Religious Groups Fight Back Against Mandate
A coalition of religious organizations, including the Dioceses of Albany and Ogdensburg, Anglican nuns, a Baptist church, and Catholic Charities, didn’t take this lying down. They filed a lawsuit in 2017, arguing that funding abortions violates their core belief in the sanctity of life. Represented by Becket and Jones Day, they’ve been battling to protect their right to practice faith without state coercion.
Take the Carmelite Sisters for the Aged and Infirm, who run a nursing home for the elderly and dying, or Catholic Charities, offering adoption and maternity support. These groups serve everyone, not just their own flock, yet New York’s mandate would force them to either pay for procedures they oppose or face crippling fines in the millions. Talk about a rock and a hard place.
Without relief, these organizations might even have to scrap employee health plans altogether. That’s not just a policy misstep; it’s a direct attack on their mission to care for the vulnerable while staying true to their convictions.
Supreme Court Steps In Twice
The legal fight has been a roller coaster since 2017, with state courts initially upholding the mandate despite the coalition’s objections. But in 2021, the Supreme Court pushed back, overturning those rulings by pointing to a prior victory for religious liberty in a case involving Catholic foster care agencies. It seemed like a clear message to respect faith-based objections.
Yet, New York’s Court of Appeals doubled down in May of this year, dismissing the Supreme Court’s guidance and insisting the mandate stands. Dennis Poust of the New York State Catholic Conference didn’t mince words, calling the policy “unconstitutional and unjust.” One has to wonder if the state missed the memo on religious freedom.
Fast forward to early June, and the Supreme Court delivered another unanimous ruling in a separate case, affirming First Amendment protections for Catholic Charities in Wisconsin. Justice Sonia Sotomayor called the denial of a tax exemption there a “textbook” violation of constitutional rights for favoring some religious practices over others. If that’s not a hint to New York, what is?
New York’s Stubborn Stance Under Fire
New York Gov. Kathy Hochul has stood firm, defending the mandate as vital for women’s health care while branding the plaintiffs as “extremists.” With all due respect to the governor, labeling nuns and charities as radicals for wanting to follow their faith seems a bit rich. Surely, there’s room for a policy that doesn’t trample on deeply held beliefs.
Eric Baxter of Becket put it sharply: “New York wants to browbeat nuns into paying for abortions for serving all in need.” That’s not just a zinger; it’s a spotlight on a state overstep that feels more like bullying than governance. Religious groups shouldn’t have to choose between their mission and their morals.
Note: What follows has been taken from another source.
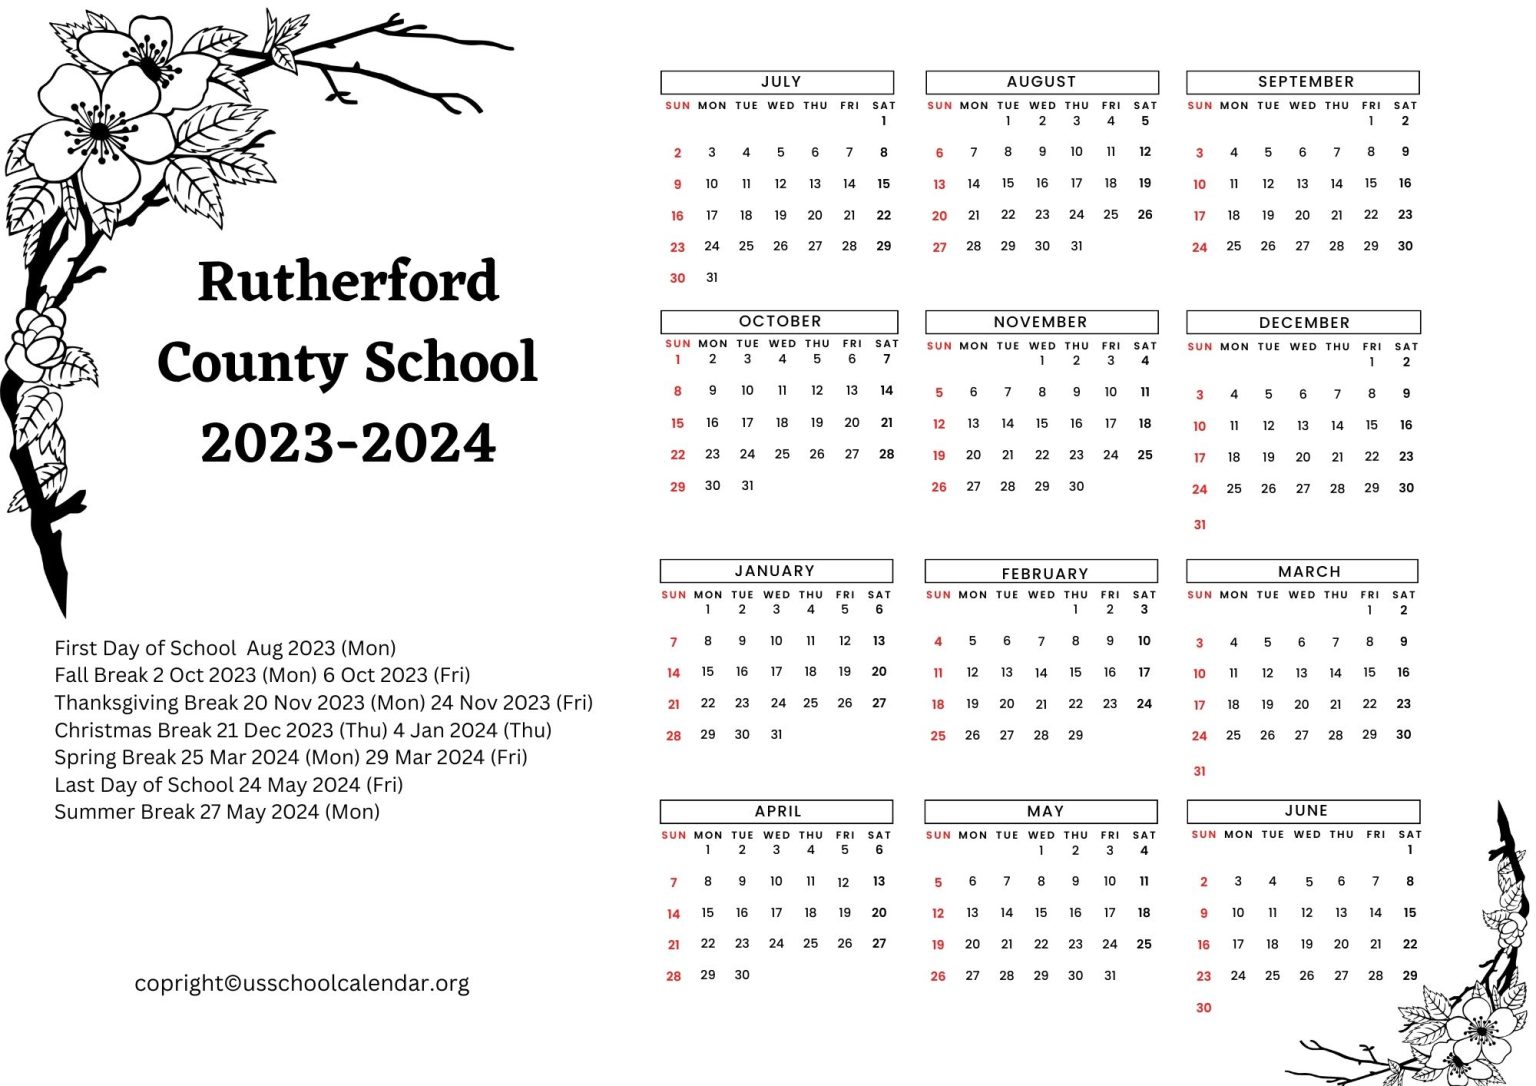 Rutherford County School Calendar with Holidays 20232024

Noel J. Francisco of Jones Day echoed the sentiment, stating that faith-based entities in New York “should not be forced to provide insurance coverage that violates their deeply held religious beliefs.” It’s a straightforward plea for fairness in a state that prides itself on diversity—except, apparently, diversity of conscience.
Parallels to Past Religious Liberty Wins
This case brings to mind the long fight by the Little Sisters of the Poor against a federal mandate on contraceptives, where the Supreme Court ruled multiple times that religious groups can’t be coerced into supporting practices they oppose. If history is any guide, New York might be on the losing end of this battle. The principle of religious liberty isn’t a suggestion; it’s a cornerstone.
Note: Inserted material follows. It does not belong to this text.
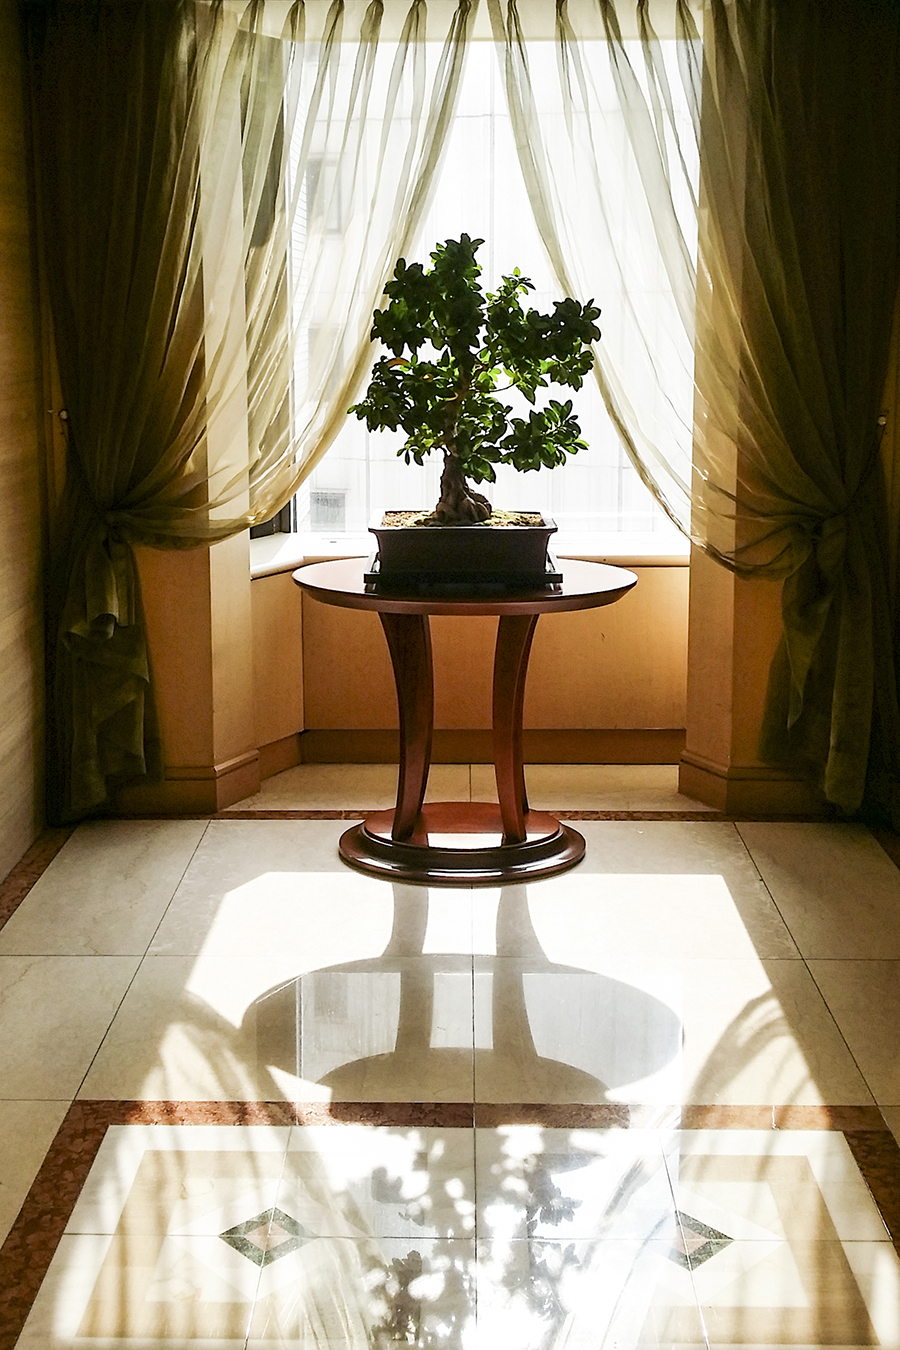 Morning light through a potted plant at the Lotte Hotel, Myeongdong, Korea

For now, the Supreme Court’s order to revisit the case offers a glimmer of hope for these faith-based groups. Baxter remains optimistic, expressing confidence that they’ll ultimately be able to serve the most vulnerable without compromising their beliefs. It’s a waiting game, but one with high stakes for freedom of faith.
As this legal saga unfolds, it’s a reminder that the balance between individual rights and state power is fragile. New York’s insistence on a one-size-fits-all policy risks alienating those who do immense good for society, all because they won’t bow to a controversial mandate. Let’s hope the state court finally gets the message that religious liberty isn’t negotiable.